Those Job-Stealing Robots Are Going After the Navy's Mine-Hunting Dolphins
It's a textbook case of not appreciating what you have until it's gone: the U.S. Navy plans to replace some of its mine-hunting dolphins with unmanned submersibles described as "12-foot torpedo-shaped robot[s]" by 2017. Were you even aware before this announcement that the Navy had a $28 million-dollar marine mammal program based in Southern California? Or that it began in the 1950s and at one point also included "killer whales and sharks"? If not, you must feel this loss all the more keenly.
From the Navy's Marine Mammal Program website:
Everyone is familiar with security patrol dogs. You may even know that because of their exceptionally keen sense of smell, dogs like beagles are also used to detect drugs and bombs, or land mines. But a dog would not be effective in finding a sea mine.
The Navy: striking a surprisingly whimsical note when it comes to finding and disabling sea mines! You have our attention. Now close the deal:
But just as the dog's keen sense of smell makes it ideal for detecting land mines, the U.S. Navy has found that the biological sonar of dolphins, called echolocation, makes them uniquely effective at locating sea mines so they can be avoided or removed. Other marine mammals like the California sea lion also have demonstrated the ability to mark and retrieve objects for the Navy in the ocean. In fact, marine mammals are so important to the Navy that there is an entire program dedicated to studying, training, and deploying them. It is appropriately called the Navy Marine Mammal Program (NMMP).
And there it is. Those of you with lingering concerns about the well-being of these elite sleuths of the sea may note that the Naval Marine Mammal Program is an accredited member of the Alliance of Marine Mammal Parks and Aquariums," which is dedicated to the "care and conservation of marine mammals."

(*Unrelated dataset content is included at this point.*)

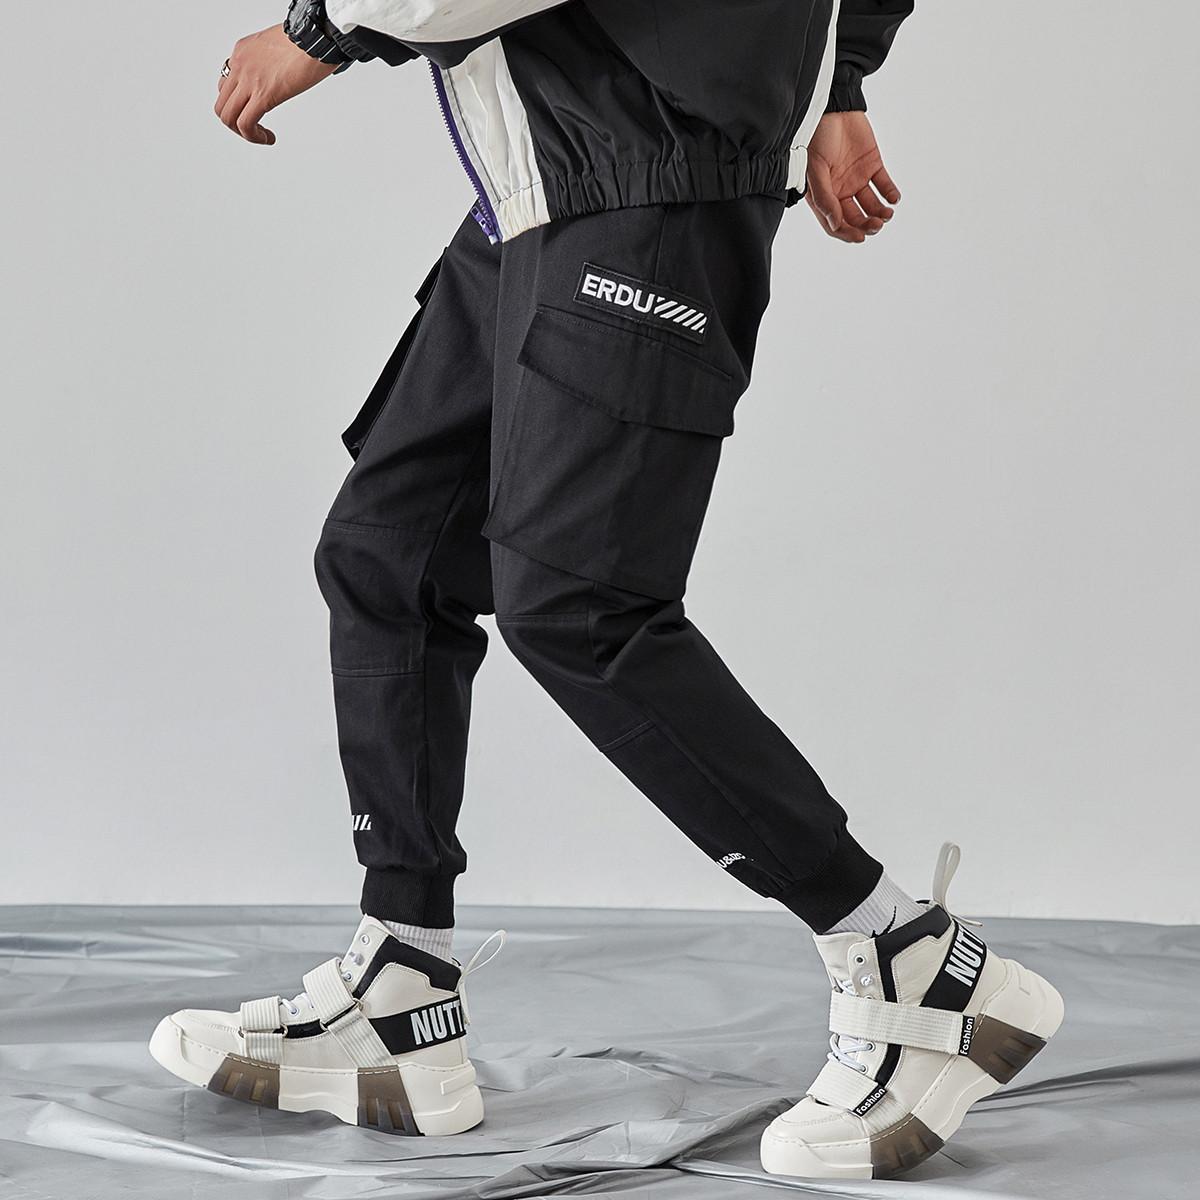 RAMPAGE美国潮牌裤子嘻哈伦裤小脚休闲裤男宽松多袋工装裤潮束脚裤RQ1171201

Apparently over 100 dolphins and sea lions are currently employed by the NMMP to locate and identify mines and potential enemy divers, and only 24 of the dolphins will be replaced by robots over the next five years (they will be "reassigned to other tasks," a spokesman reports), so the end is not yet come. The sea lions will be unaffected by the change, in keeping with the generally more blasé approach of sea lions to life in general. While most of the Navy's marine mammals live and train in San Diego, some have been used to guard naval bases along the Pacific Coast and even been employed in the Middle East.
This news has significant implications for Navy vessels - according to UT San Diego, enemy mines have been responsible for "14 of the 19 Navy ships destroyed or damaged since 1950." Just as important, however, is this casual revelation:
The machines can be manufactured quickly, unlike the seven years it takes to train a dolphin for duty.
Seven years of training! As long as the patriarch Jacob labored for Laban in exchange for fair Rachel's hand in marriage; as long as the Seven Years' War (sort of); as long as the true bride in the fable worked to recover the Black Bull of Norroway; that is how long these gentle beasts spend learning to comb the sea for weapons and secrets.